__Exercise requirements__
The required result is an exact copy of every line from the one with "if you know, you know 🌳" through the last line below, with the pictures left out.

Stored records
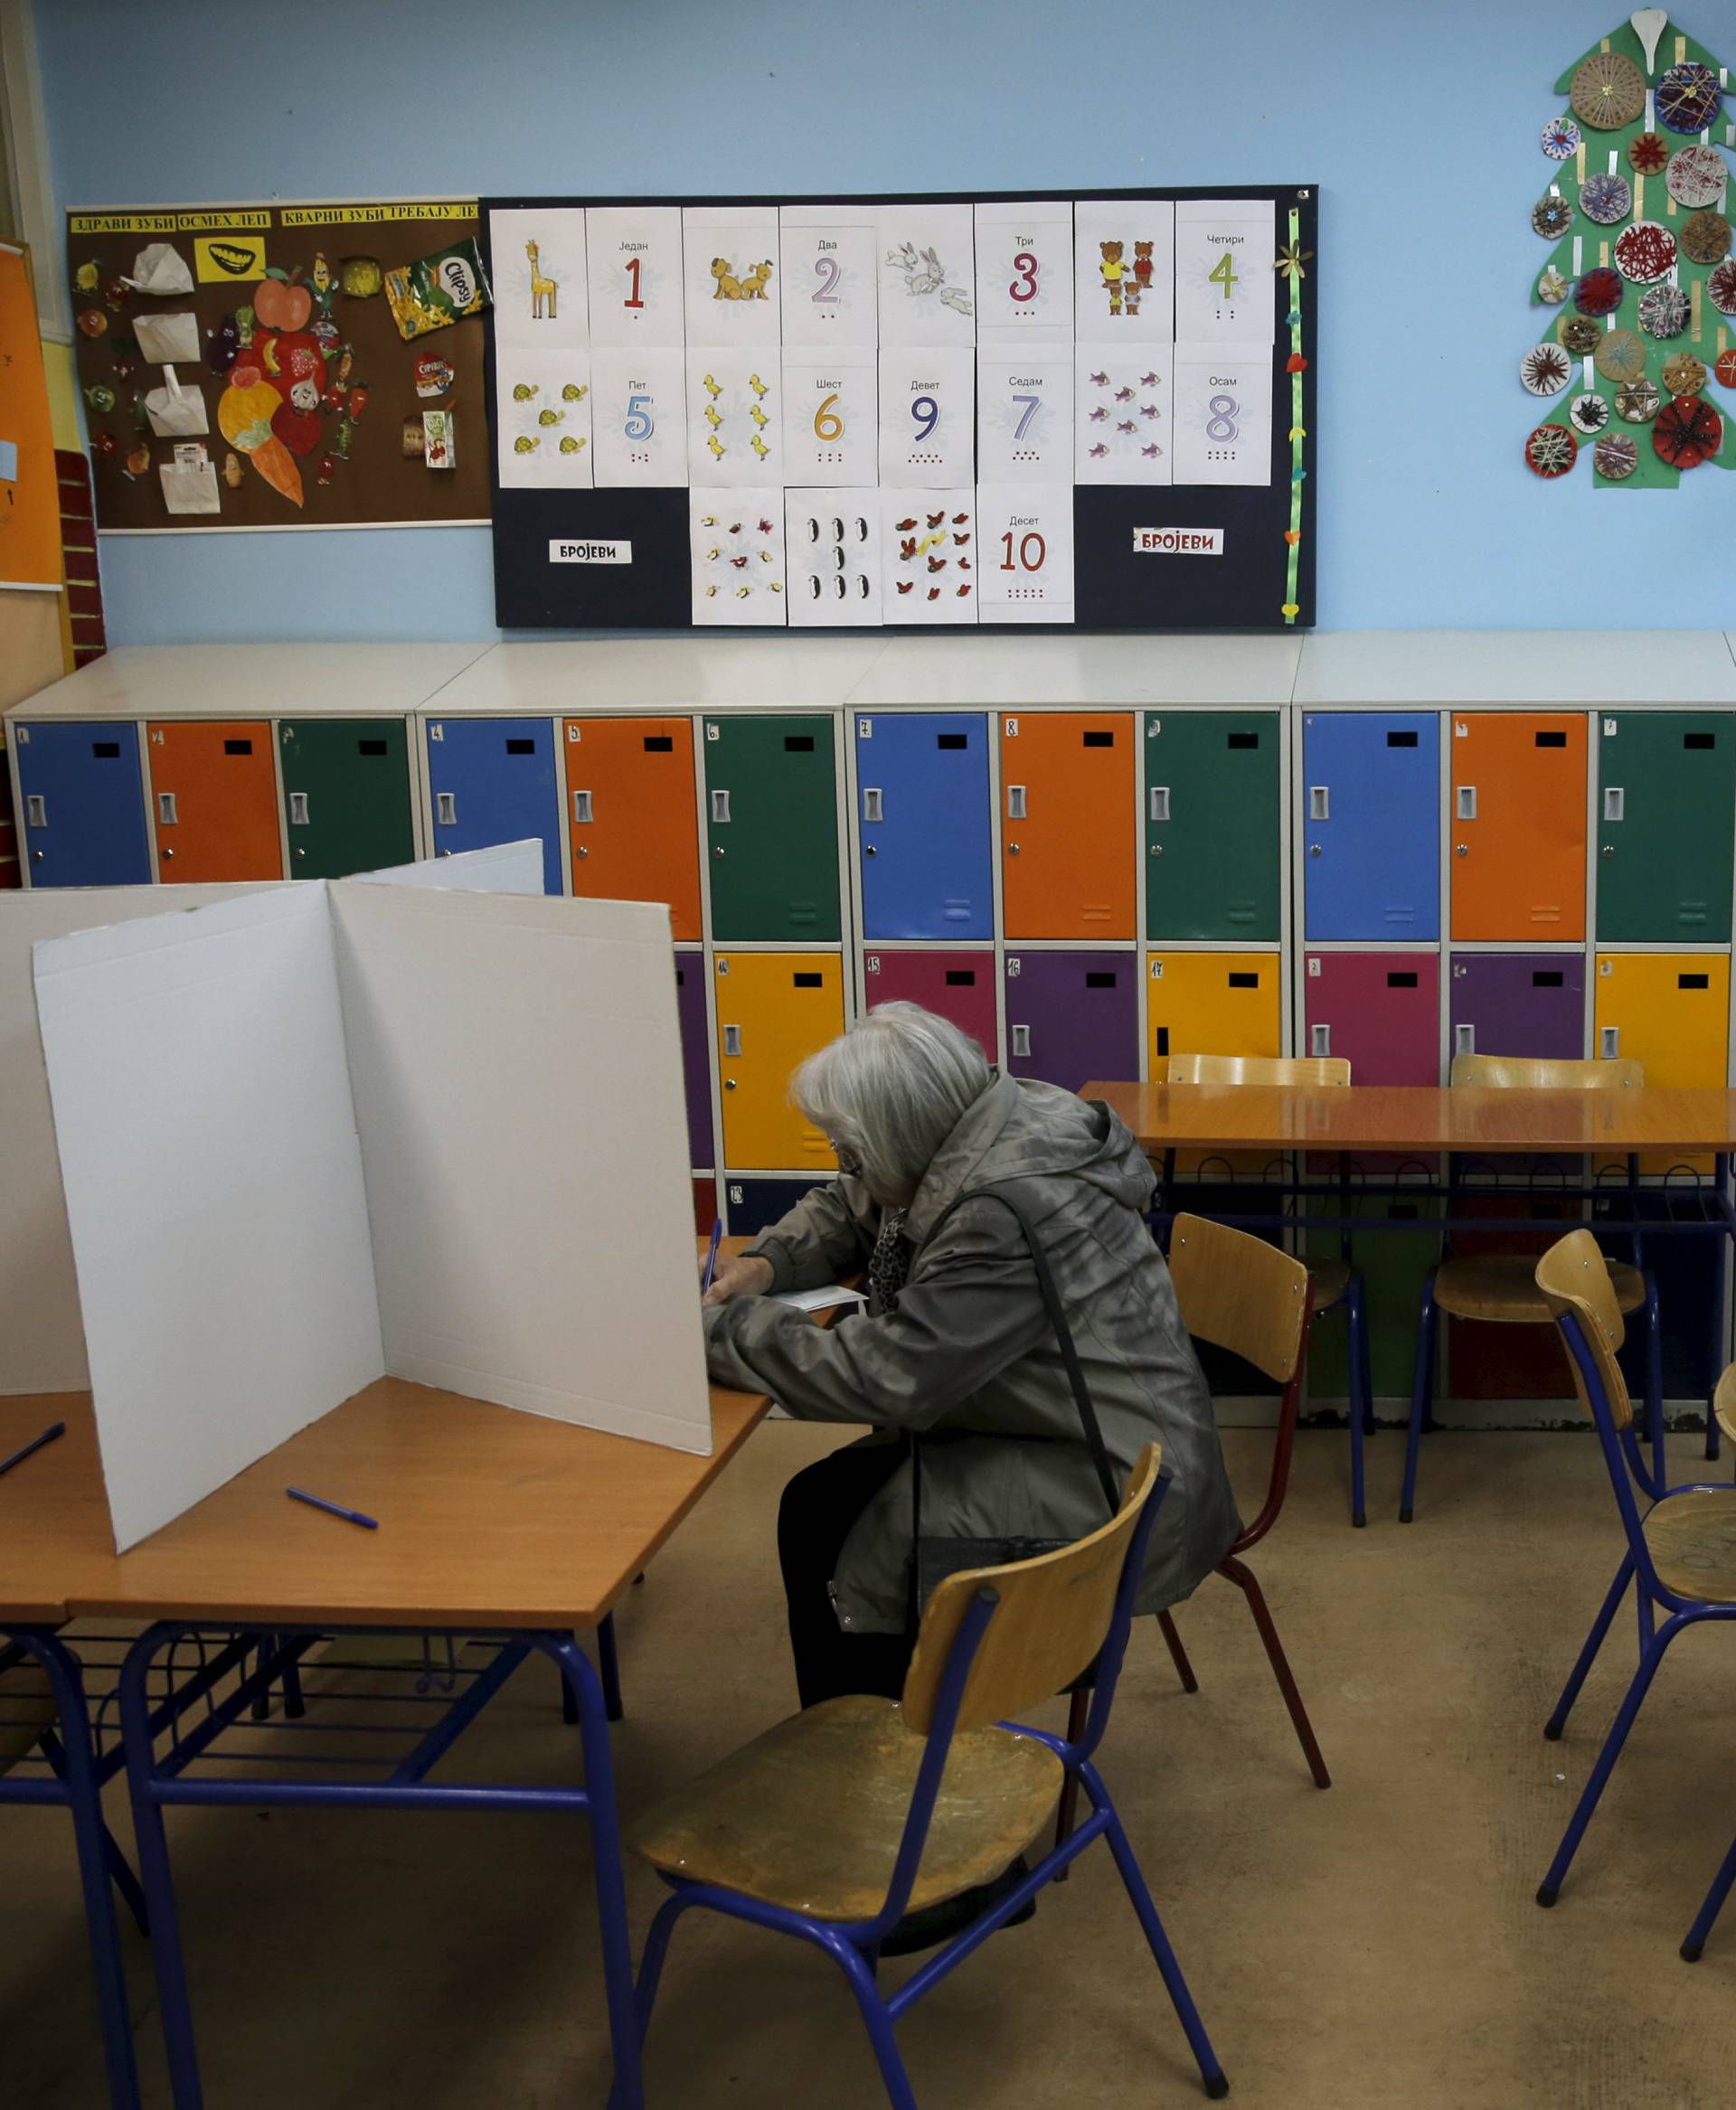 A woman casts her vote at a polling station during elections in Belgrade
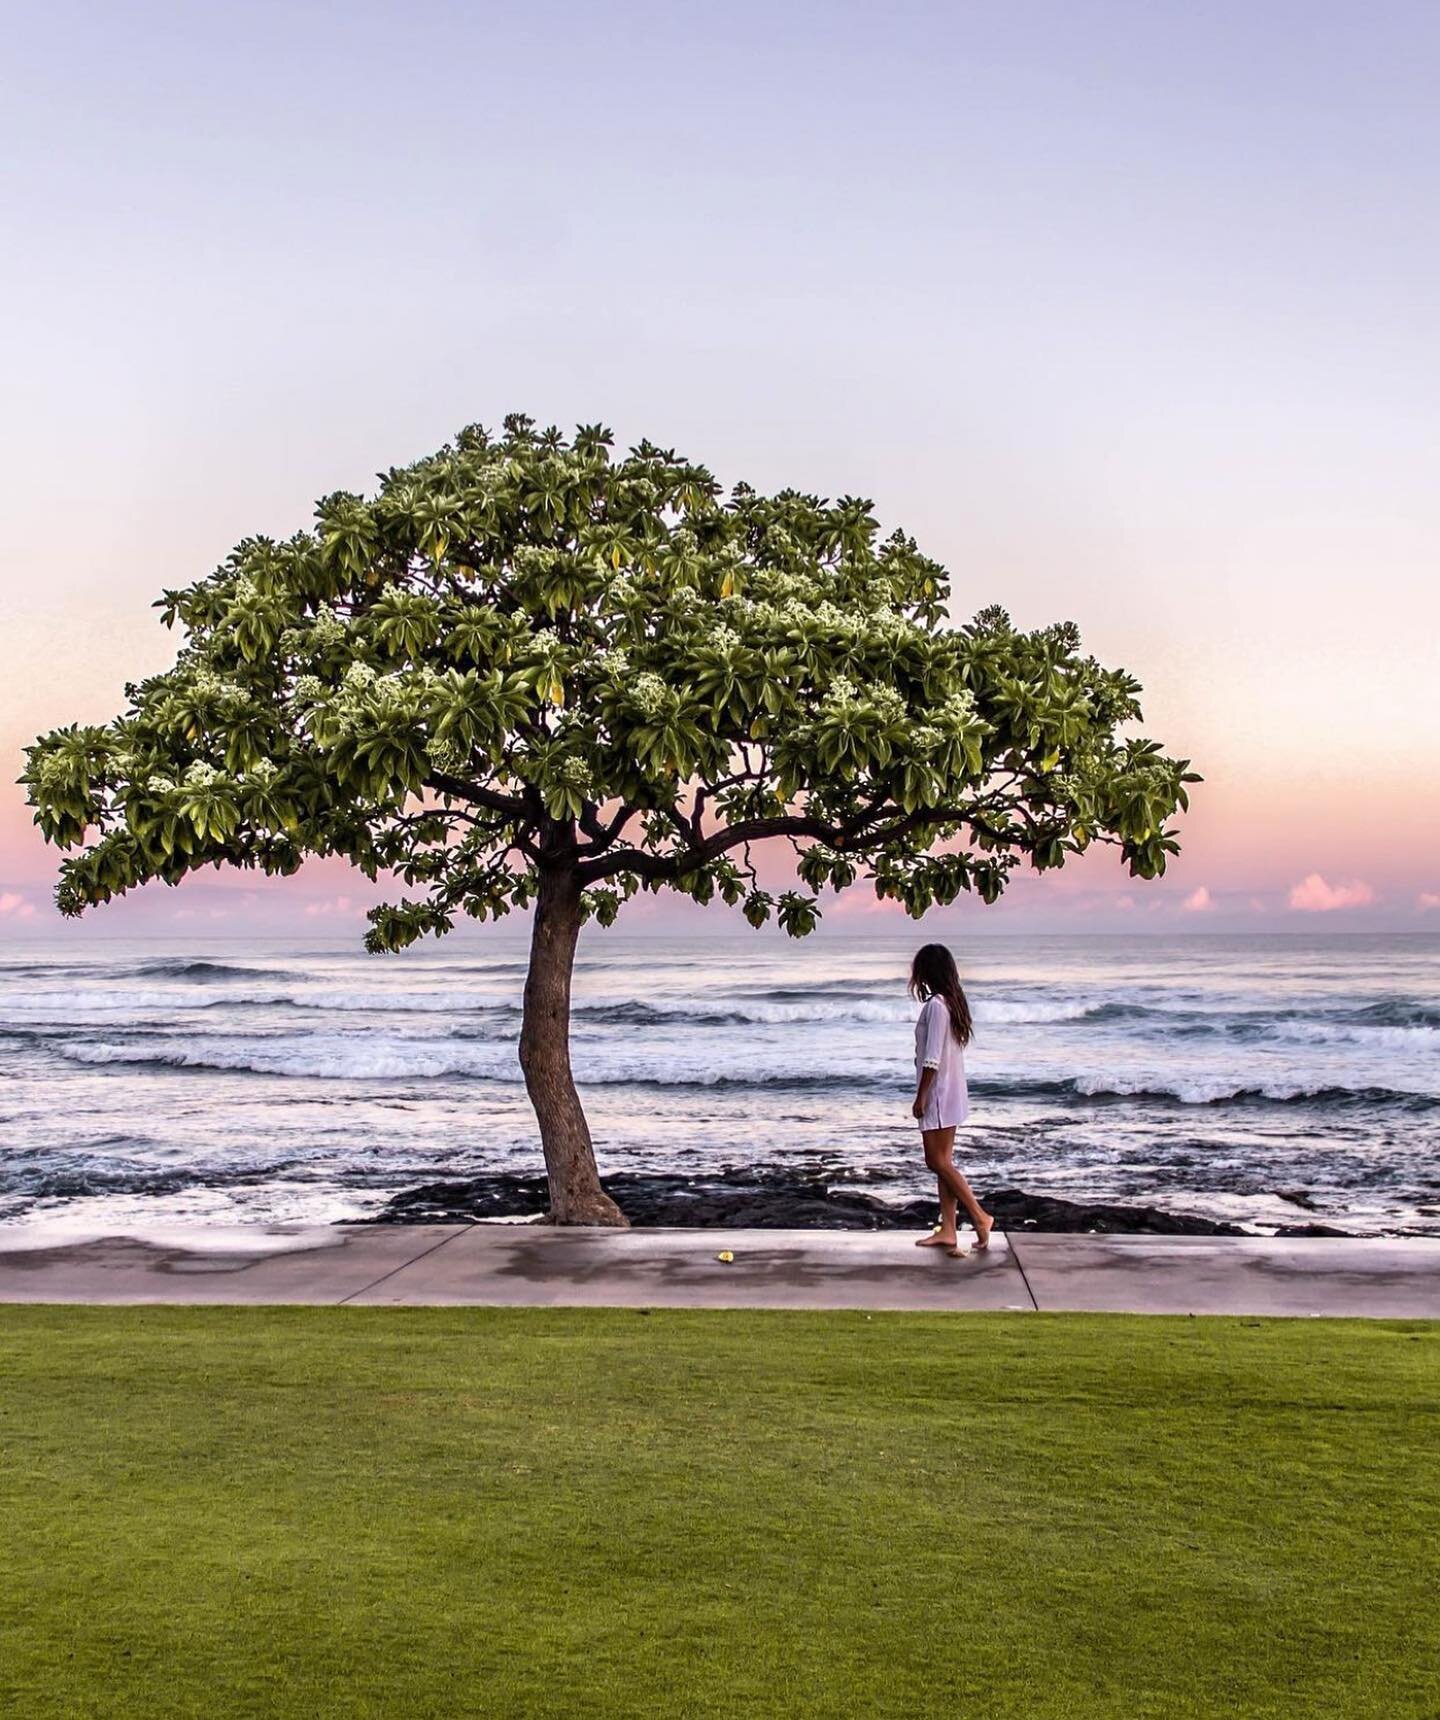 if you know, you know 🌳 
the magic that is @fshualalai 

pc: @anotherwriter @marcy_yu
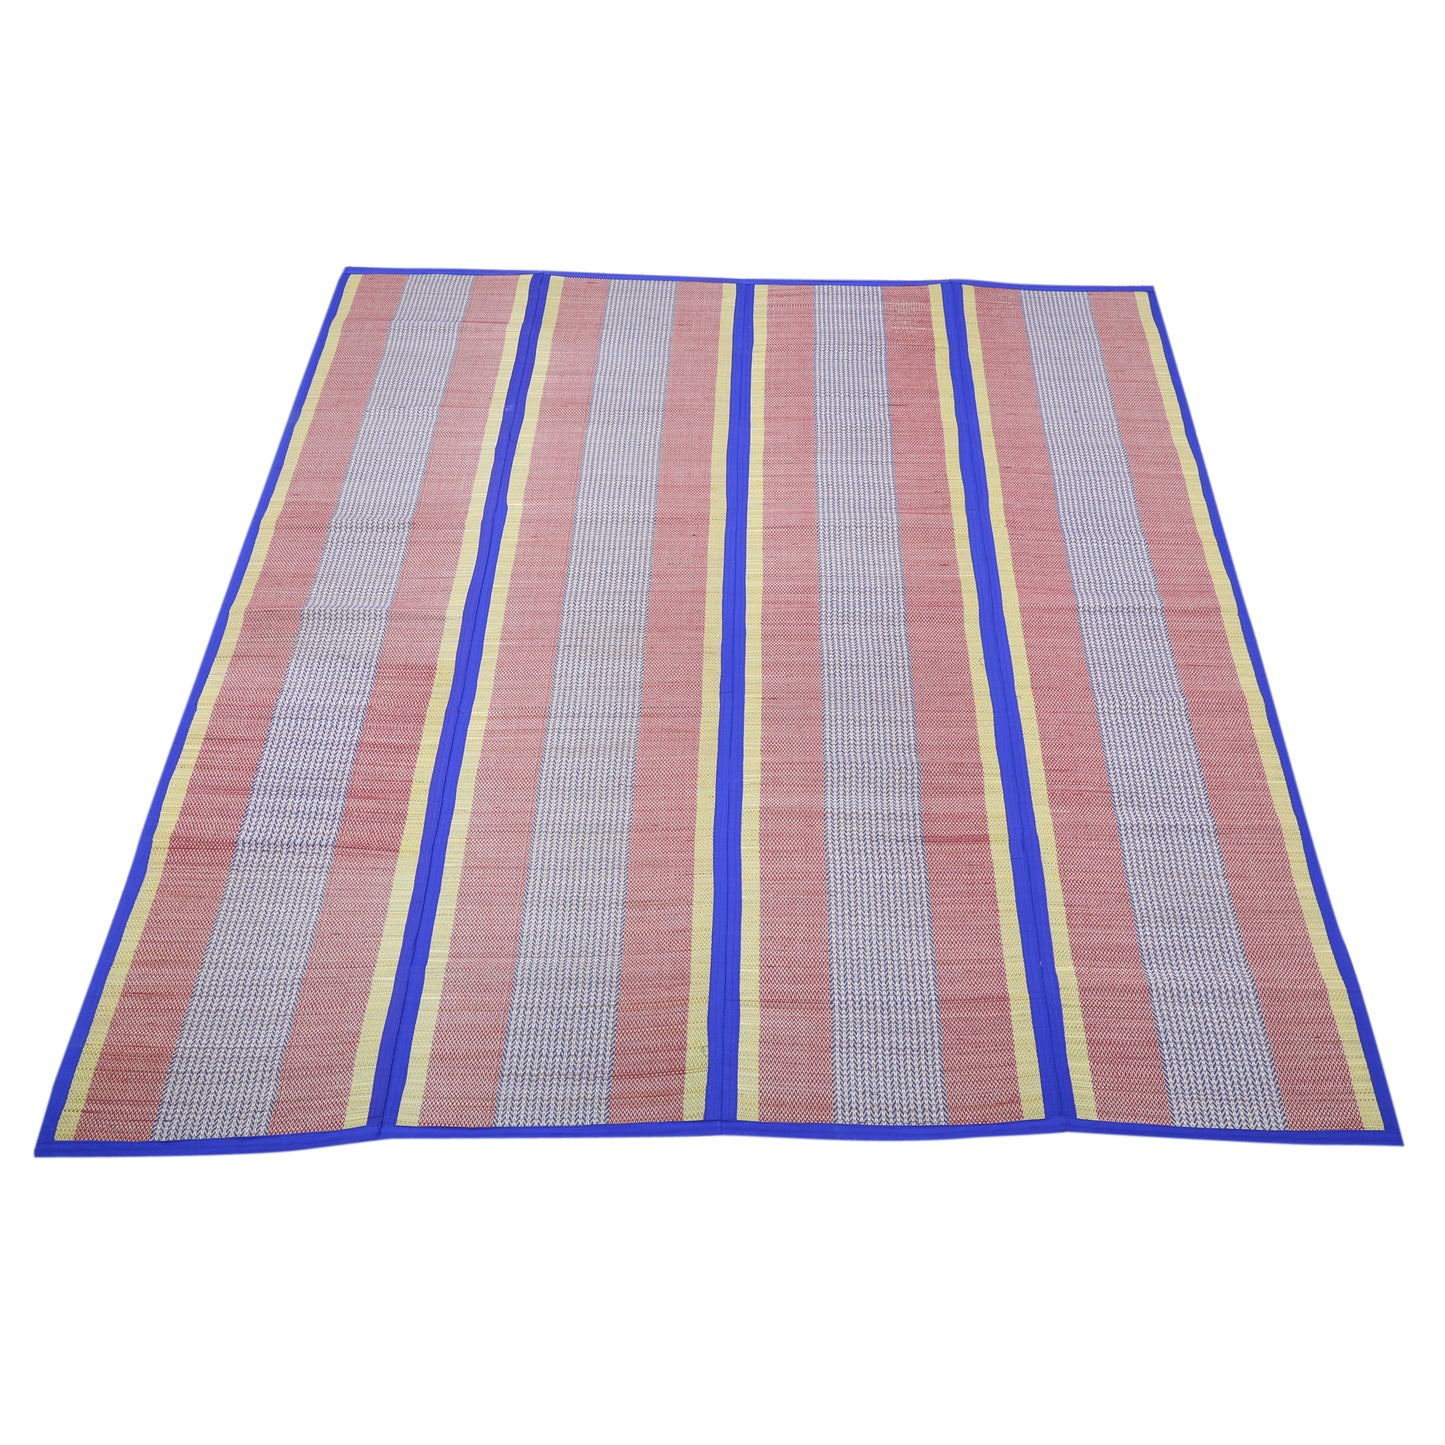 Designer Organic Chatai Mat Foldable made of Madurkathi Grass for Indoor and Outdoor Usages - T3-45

__The answer__
 if you know, you know 🌳 
the magic that is @fshualalai 

pc: @anotherwriter @marcy_yu
 Designer Organic Chatai Mat Foldable made of Madurkathi Grass for Indoor and Outdoor Usages - T3-45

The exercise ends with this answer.